Learning from his errors in the art of tossing in the Trinity Cuppers game, Harrison fixed the toss by telling the Woozlers skipper that Christ’s had no batting and that it would be an insult to the name of cricket if we had to bat first. Somewhat begrudgingly Seaborn agreed to bat.
Harrison opened with a maiden to the Woozlers captain, clad in a striking multi-coloured hat. Blyth took the new ball from the other end and went for just 4 from his first over, under half of his economy rate in the first half of the day.
With very little of note happening in the first 6 overs of the game, apart from some dubious song-themed chat by Blyth and Bartle, the chuckle-brothers of the Christ’s side, Harrison decided it was time for some banter and turned to Nugget to provide it.
He didn’t.
Fortunately, the fielders for once listened to their captain and backed up their bowler, or at least Matt Sherr did.
A straight drive was missed by Bartle who tried to kick it and headed out towards the long-off boundary. Sherr turned on the gas as he raced after the ball but couldn’t quite prevent the four. Unperturbed Sherr decided the catch the ball at all costs. He plunged headlong down the hill…into a fence. A metal fence. A metal fence with a very big, hard metal pole. Despite putting his hands out to stop himself, Sherr nevertheless managed to head-butt the pole. Hard.
The fielding side collapsed; as did Sherr. Although for slightly different reasons, the fielders out of mirth, Sherr out of pain. He hobbled off to be replaced by a ten-year old fielder. Who was incidentally much better.
Fernandes at the other end bowled well without anything of interest really happening. Although he did go in the scorebook as ‘black trousers’; Blyth tried to Rob-Hakin-Racism fine their scorer, it cost him a good thirty pence.
Shah, dubiously named black undershirt in the scorebook, came on to replace Fernandes at the Pavilion End. Revell could only sky the fourth ball of the over towards Fernandes at mid-on who ran backwards, nonchalantly stuck out his left hand and clutched the ball.
In the very next over, Bartle, still toiling away from newly dubbed Matt Sherr Fence end, had Seaborn caught by the wicket-keeper Mostofi. I repeat, by the wicket-keeper Mostofi. A sad day for all those connected with Christ’s College Cricket (Croquet and Country) Club. Especially any bowler who had the dubious pleasure of running into bowl seeing Abs grinning innately like a 5 year old.
On the subject of Abteen’s age, we had been promised the re-appearance of an even older Mostofi this Sunday. However, just when we were all getting excited about the prospect of actually scoring no runs in twenty overs, Abteen sent me the following e-mail:
‘Sorry gas, my bro can’t play, he’s being gay.’
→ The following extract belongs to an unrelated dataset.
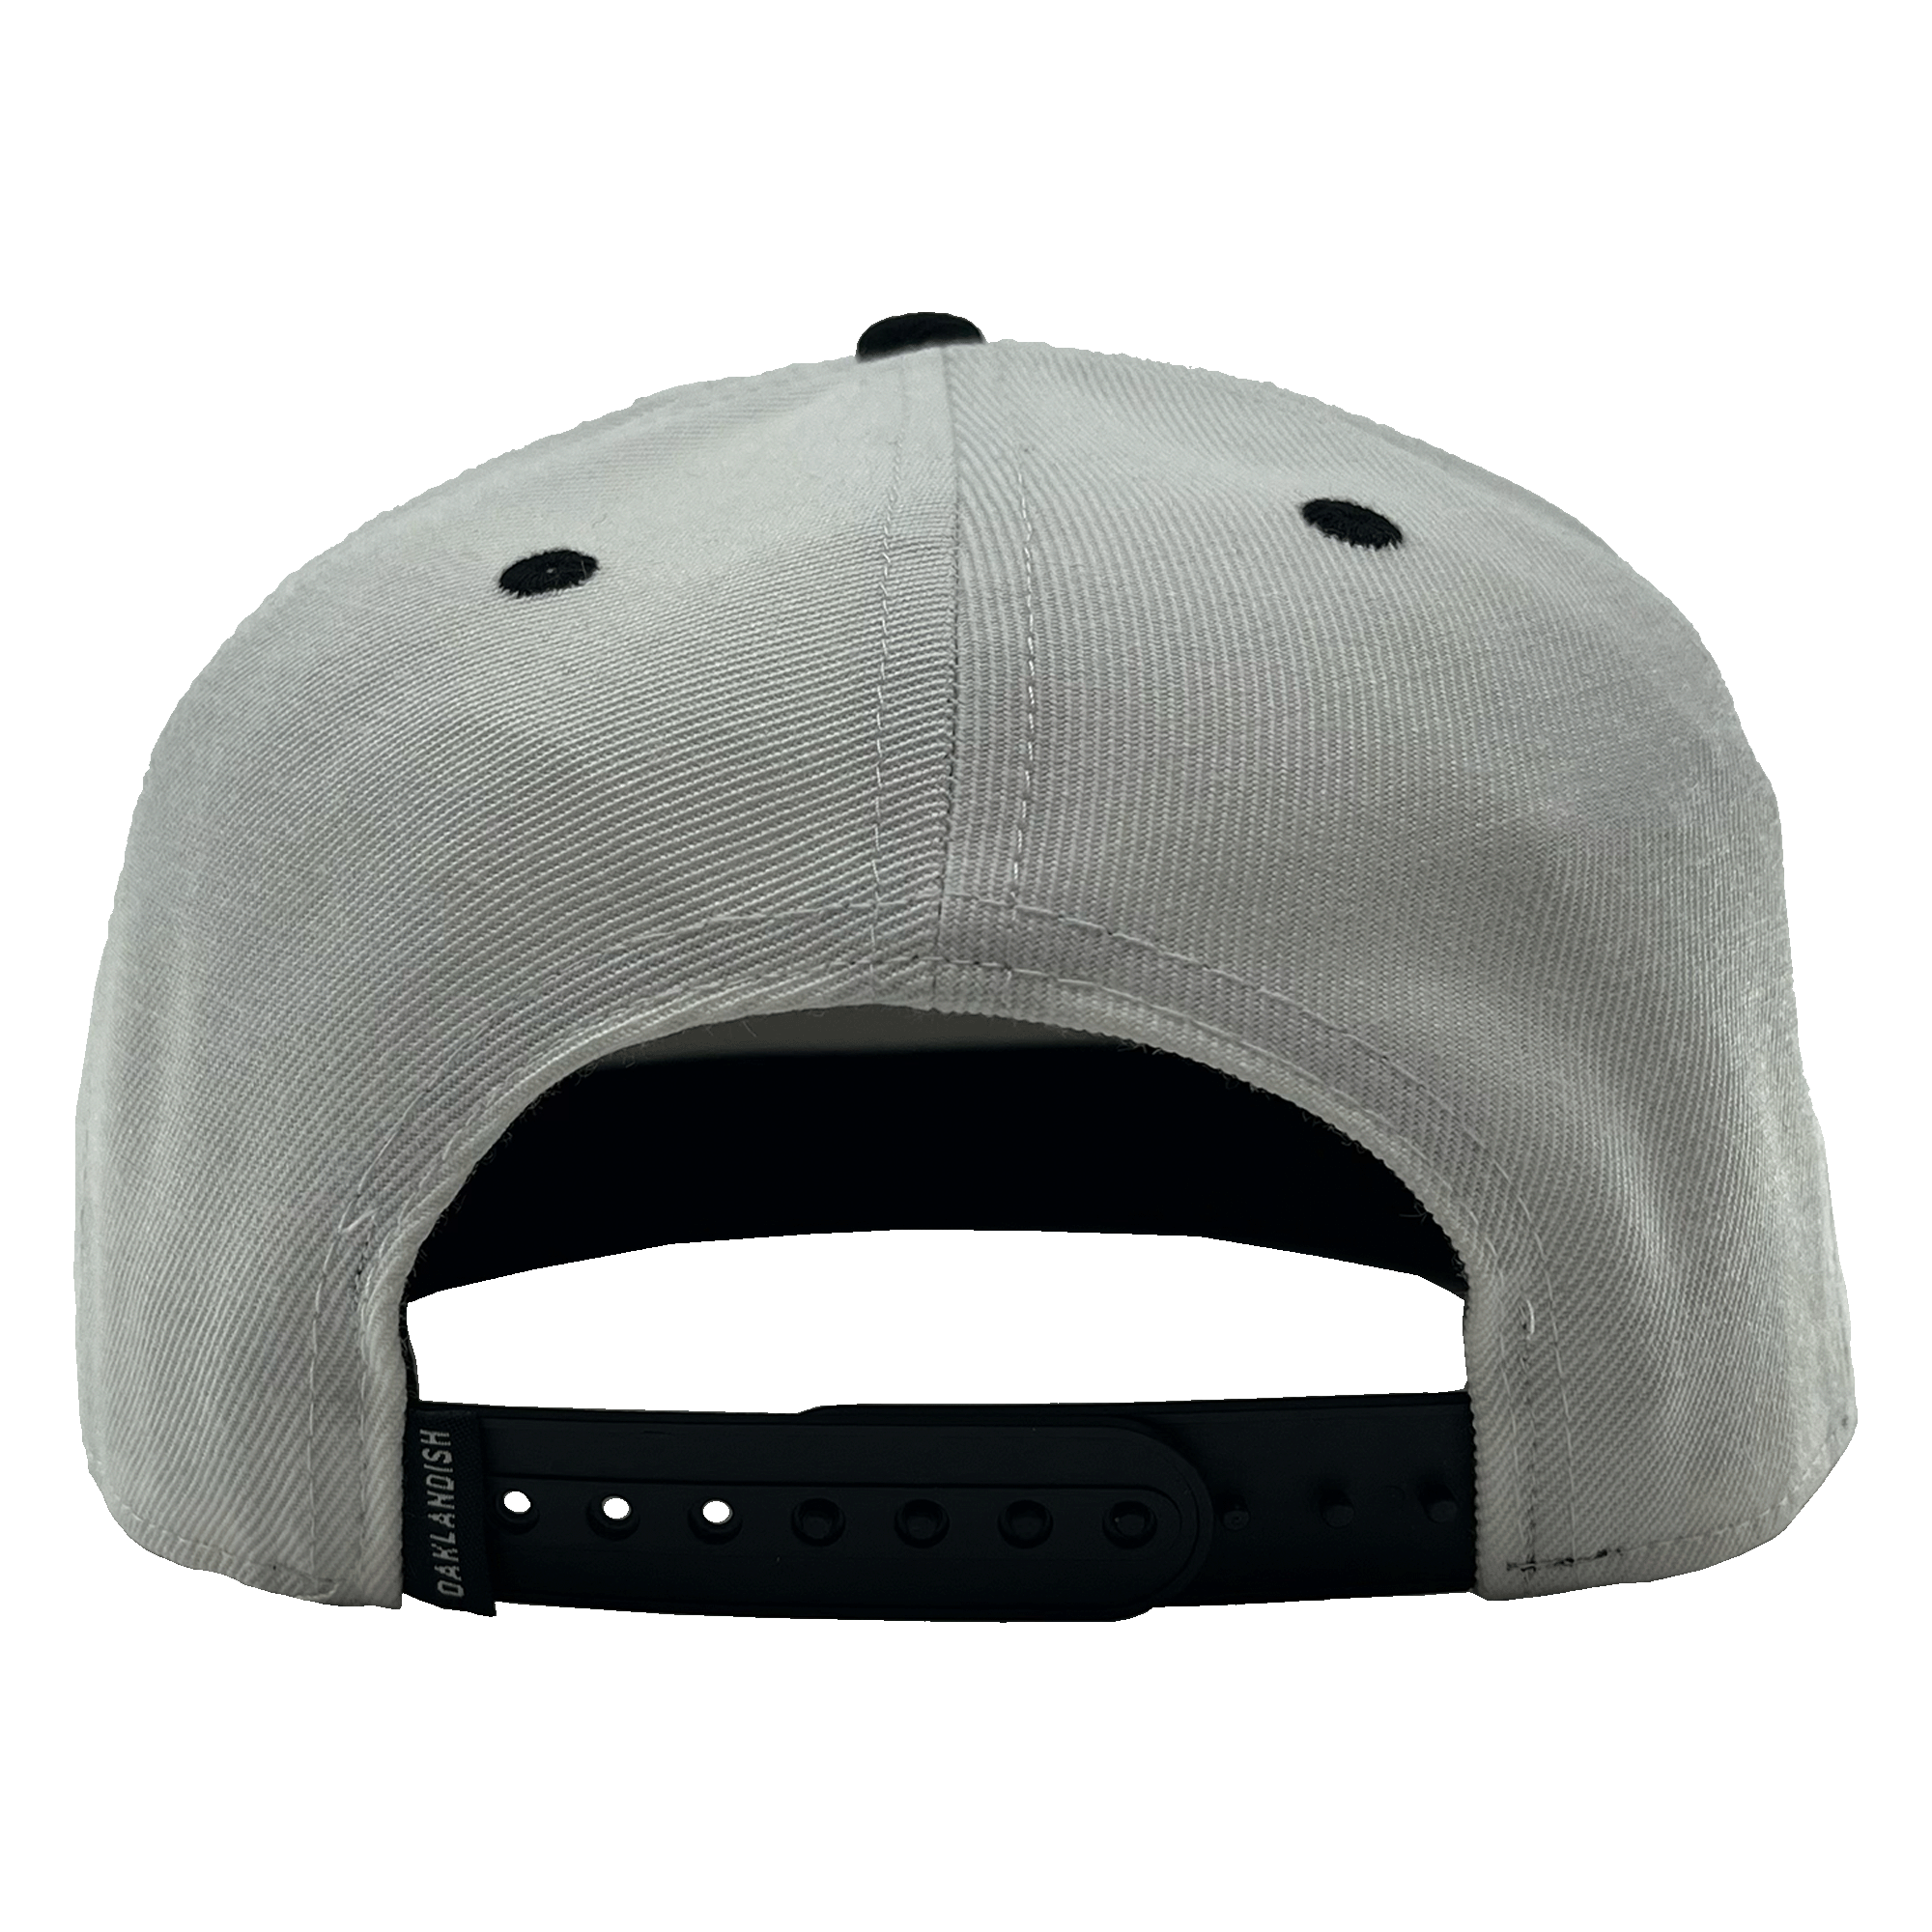 Back view of white hat with black snapback closure and small Oaklandish logo with black embroidered details on the crown.

The vocabulary of a 23 (?) year old doctor in waiting…
This brought Beaumont to the crease who smacked Shah for two fours and then hit him straight to Mike Upton at mid-off. Luckily, on this occasion Kidney didn’t have a hole in his hands and he clung on comfortably to leave the Woolzers on 55 for 3.
Fed up of Shah taking all the glory, Harrison turned to the leg-spin/pie of the social menace. Harris began relatively tidily, but was somewhat surprised when he was offered a second over, shocked when offered a third, gobsmacked when given a fourth, and then refused to bowl a fifth. He was unlucky not to have Grimshaw caught on the boundary, where Chris Blake would have been fielding had he not been revising. This happened four times in one over, at 50 pence per drop it was an expensive time for Chris.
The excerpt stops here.